Today Fuller, who was ordained in 1990, nearly two decades after joining the Jesuit order, and has been a member of the BU faculty since 1987, is helping battle AIDS on two fronts. As assistant director of BMC’s AIDS program, he helps coordinate medical, counseling, and advocacy services for about 700 adults infected with HIV in the Boston area and steers the program’s educational efforts.

Embattled Jesuit

In addition, Fuller has used his credentials as a priest and an expert on HIV to influence the Catholic Church’s policies on related social issues, such as condom use and needle exchange, in several papers and in a book he helped edit, Catholic Ethicists in HIV/AIDS Prevention (Continuum, 2000).

A typical day at the AIDS program is hectic and predictably unpredictable. Fuller’s patients are mostly poor and mostly addicts, and during many 40-minute office visits, his time is divided between sorting through the latest
housing crisis or drug abuse issue and discussing medication or dietary needs. Depression and anxiety burden many patients, and relapses into drug use and breaks in a rigorous medication regimen – which can allow the HIV virus quickly to build resistance – are common.

Fuller doesn’t want his patients to read into his advice any "moral overtones or judgments," so he doesn’t tell them that he is a priest, but his spiritual training manifests itself in subtle ways, such as in the optimism and sense of humility with which he goes about his work.

"My pastoral background has taught me, I think, that there really are very few times in life when things are futile," he says. "I’ve had people who for 14 years have gone a total of maybe a week or two when they were sober and not in jail or on the street. But each time things seem to take a step backwards, I have to be able to look at it as a new beginning and help the patient think about where he wants to go from here. And even when it seems that there’s nothing you can do to change things, you can always try to make people more comfortable."

The rewards that come with such an outlook, Fuller says, are manifold. Because many of his patients have complicated lives and may be facing an early death, seemingly small victories, such as helping someone return to work or find a stable living situation, are extremely satisfying.
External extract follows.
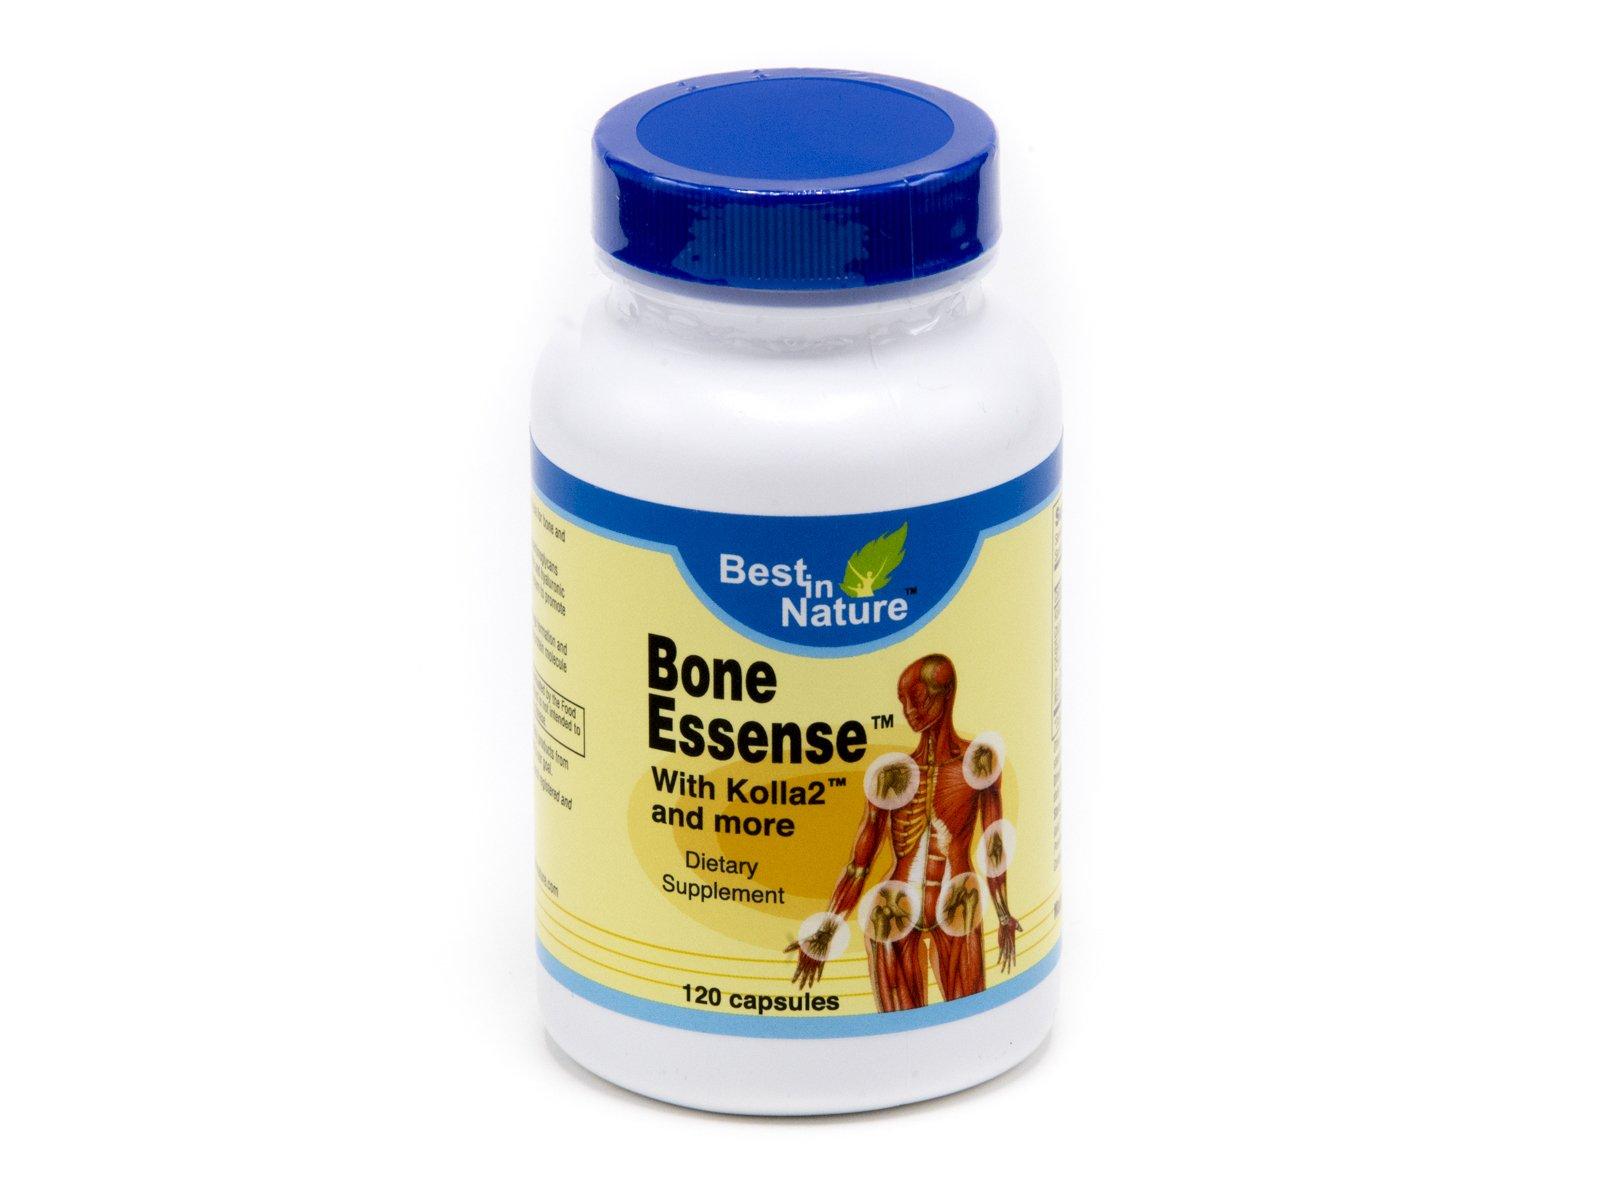 Bone Essense with Kolla2 - Kolla2 300mg, Glucosamine, Chondrotin Sulphate, Calcium - 120 Capsules - Best in Nature (Bundle, Pack of 4)

"I know what people in the program here are threatened by," he says, "so if I can help them take responsibility for their addiction and for putting their life together, or just do well for a little while, that feels wonderful."

Problematic program approaches

People suffering with AIDS now live longer and have a better quality of life than those Fuller met in the epidemic’s early days. But the Catholic Church’s official stance on condom distribution and needle exchange programs has not changed.

In the introduction to Catholic Ethicists in HIV/AIDS Prevention, Fuller argues staunchly in favor of condom distribution and needle exchange programs to prevent the spread of AIDS. BMC’s AIDS program distributes condoms and refers patients to local organizations that run needle exchanges.

"When you’re talking about a prostitute in Thailand, where commercial sex is a large part of the economy, or a marital relationship where one person is infected and the other isn’t, a condom is going to be used not for contraception, but to decrease the risk of transmitting a lethal infection," says Fuller. "That’s been the understanding of many bishops and pastoral workers around the world for many years, but it’s a source of great tension because the Vatican has never espoused that understanding.

"In terms of needle exchange, there really is not a doctrinal reason why people shouldn’t embrace it," he continues. "The data show that these programs don’t increase drug use, they don’t increase frequency of drug use among those who are already injecting drugs, and they don’t recruit new people to drug use. They do save lives."